I’ve been thinking about this phrase, specifically from a religious perspective. As a person with relatively strong religious affiliation and beliefs, God has promised that as we exercise a belief in Him, our weaknesses will be made turned to strengths.
The scripture in question here is found in the Book of Ether, in the Book of Mormon, chapter 12 verses 27 and 28.
27 And if men come unto me I will show unto them their weakness. I give unto men weakness that they may be humble; and my grace is sufficient for all men that humble themselves before me; for if they humble themselves before me, and have faith in me, then will I make weak things become strong unto them.
28 Behold, I will show unto the Gentiles their weakness, and I will show unto them that faith, hope and charity bringeth unto me—the fountain of all righteousness.
Now, it may seem obvious to most but not really to me why our weak things will be made strong. Is it because God will strengthen our weaknesses because He wants us to become stronger and more able to fulfill His will? Does He want us to work on our weaknesses and thereby being able to have our weak things become strong? There is also a preclusion that if are to be made strong, we must also be humble enough to have the desire to go to God for to strengthen us. Being humble enough to seek after God to strengthen our weaknesses shows our faith and devotion to Him.

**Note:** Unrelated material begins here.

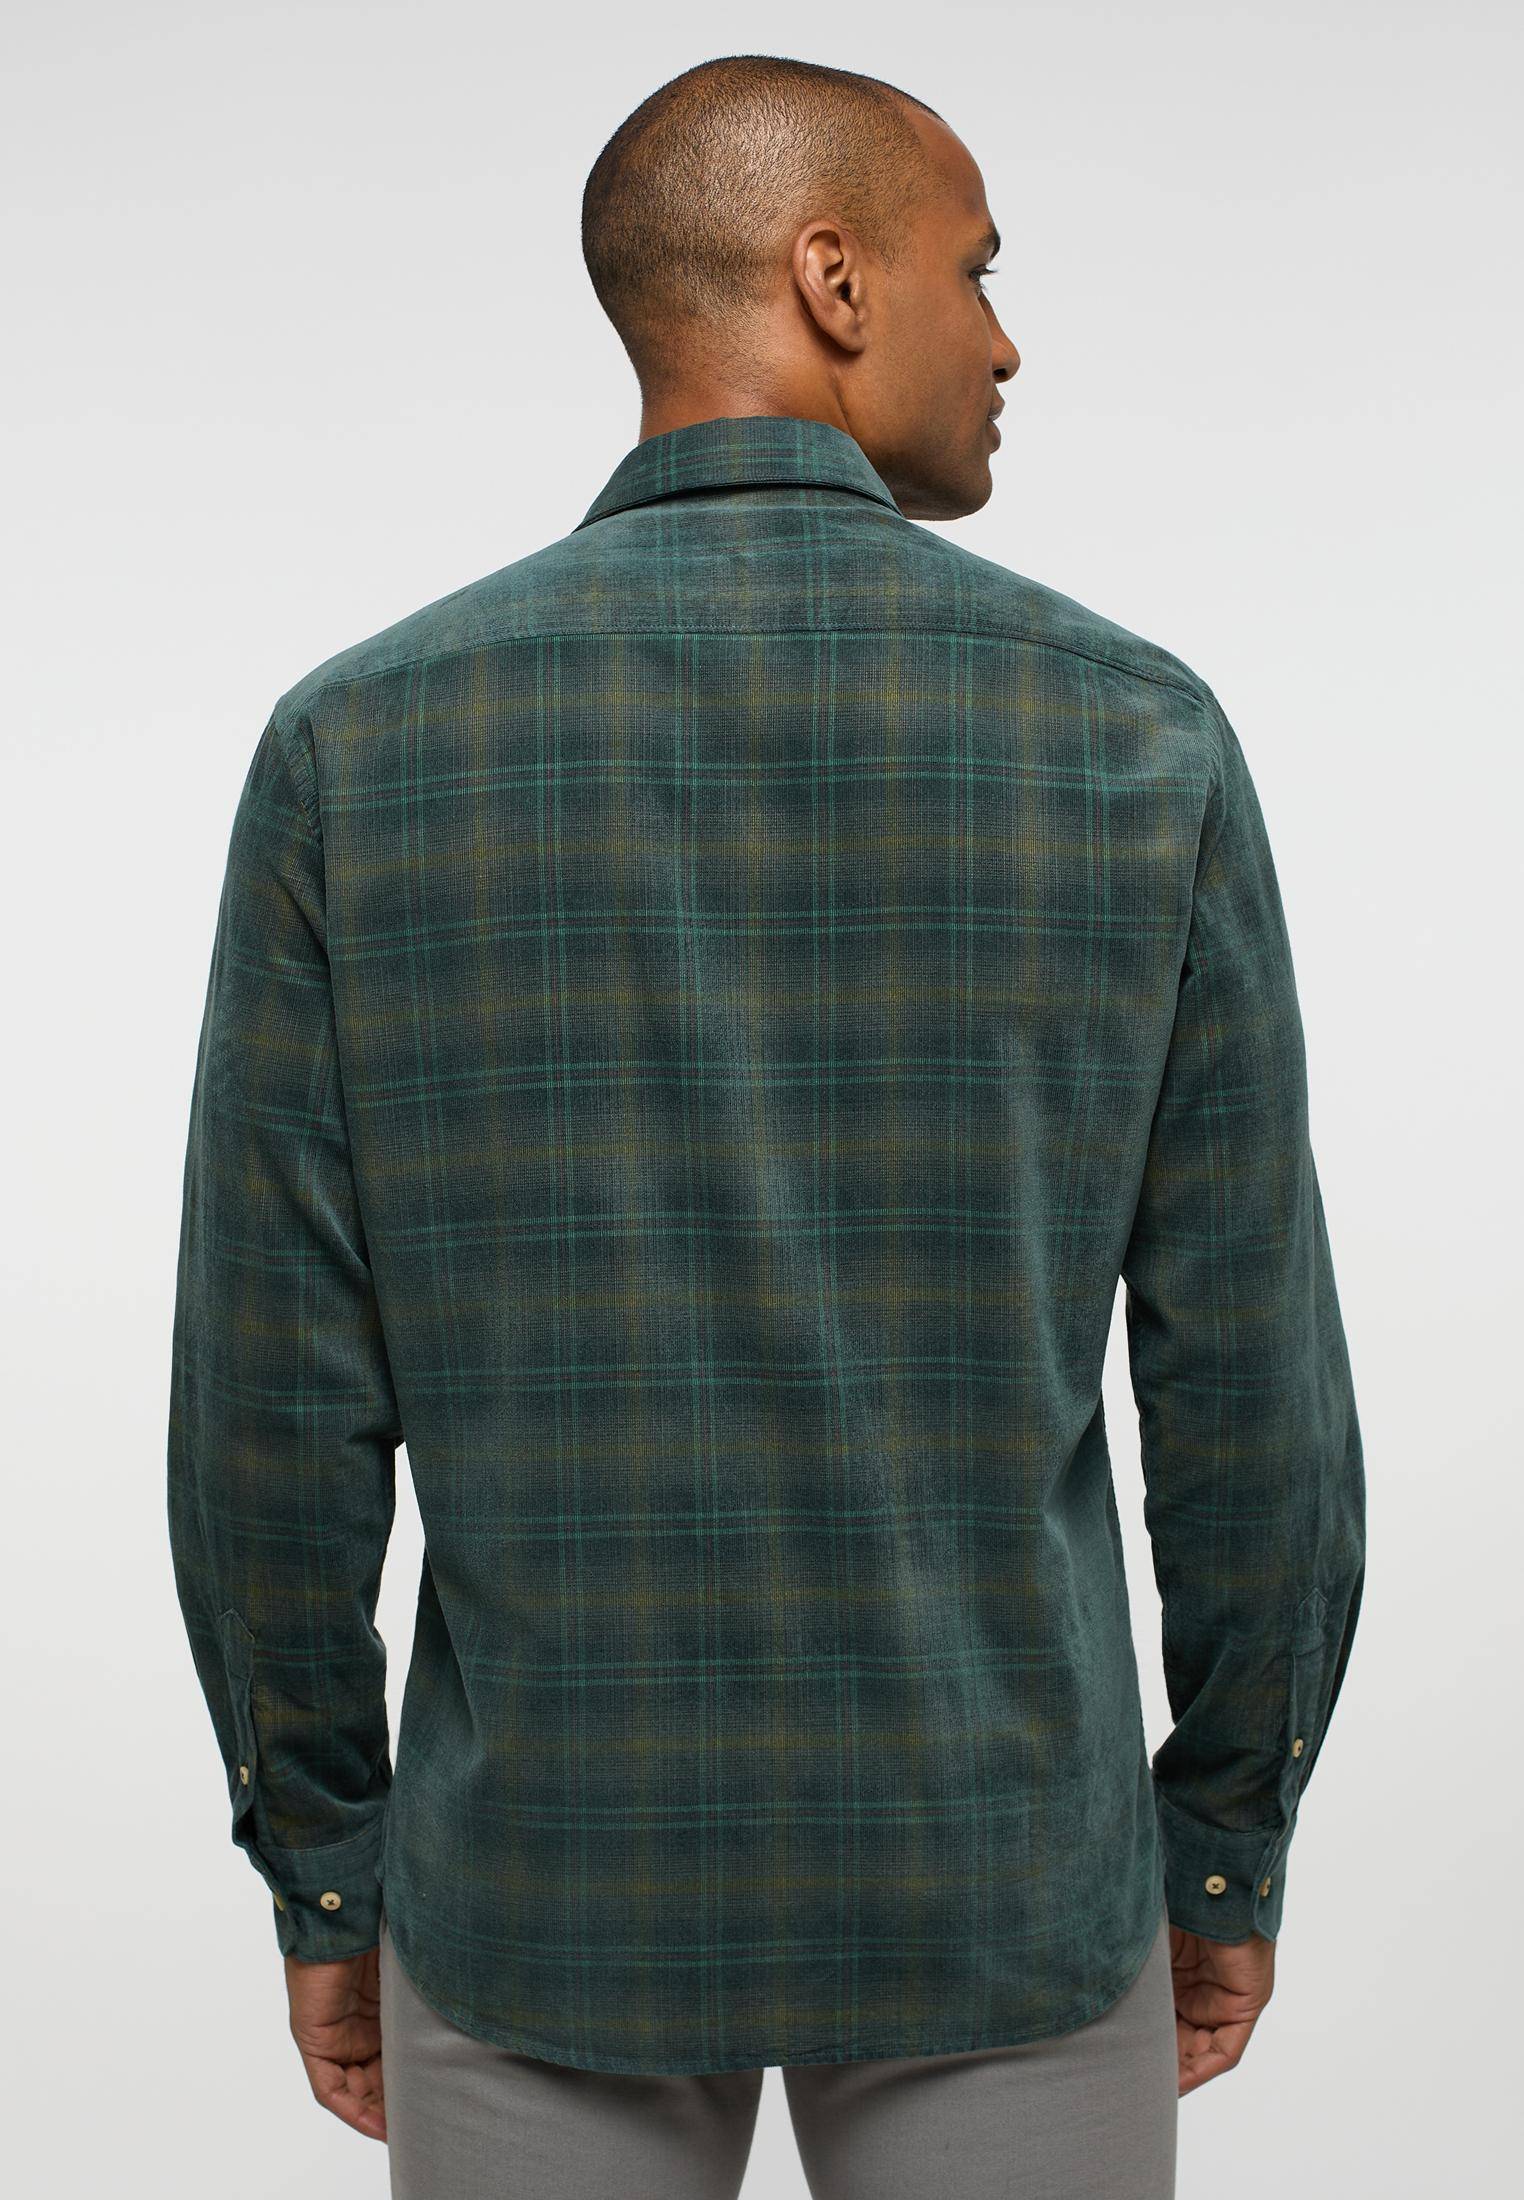 Мужская рубашка ETERNA, зеленая, цвет зеленый, размер 50 - фото 5

It’s hard to comprehend how we can turn our weaknesses into strengths, because we are unable to understand a lot of how God works and his many mysteries. One thing that I am sure of is that our purpose is to learn and grow in this life. We will experience hardships and find things we might not be able to do at first. Like I’ve said before many things do require work and effort, to practice and to get better at. I think that’s precisely what God wants for us, to work, improve different aspects of our live. However He wants us to always remember where our abilities, strengths and talents come from.
I think this is why I need to finish a blog in a single sitting, because I lost my train of thought from yesterday when I was blogging. Good job brain, good job! Well I guess it something does come back up I’ll amend this blog but for now, I guess that’s the end of that.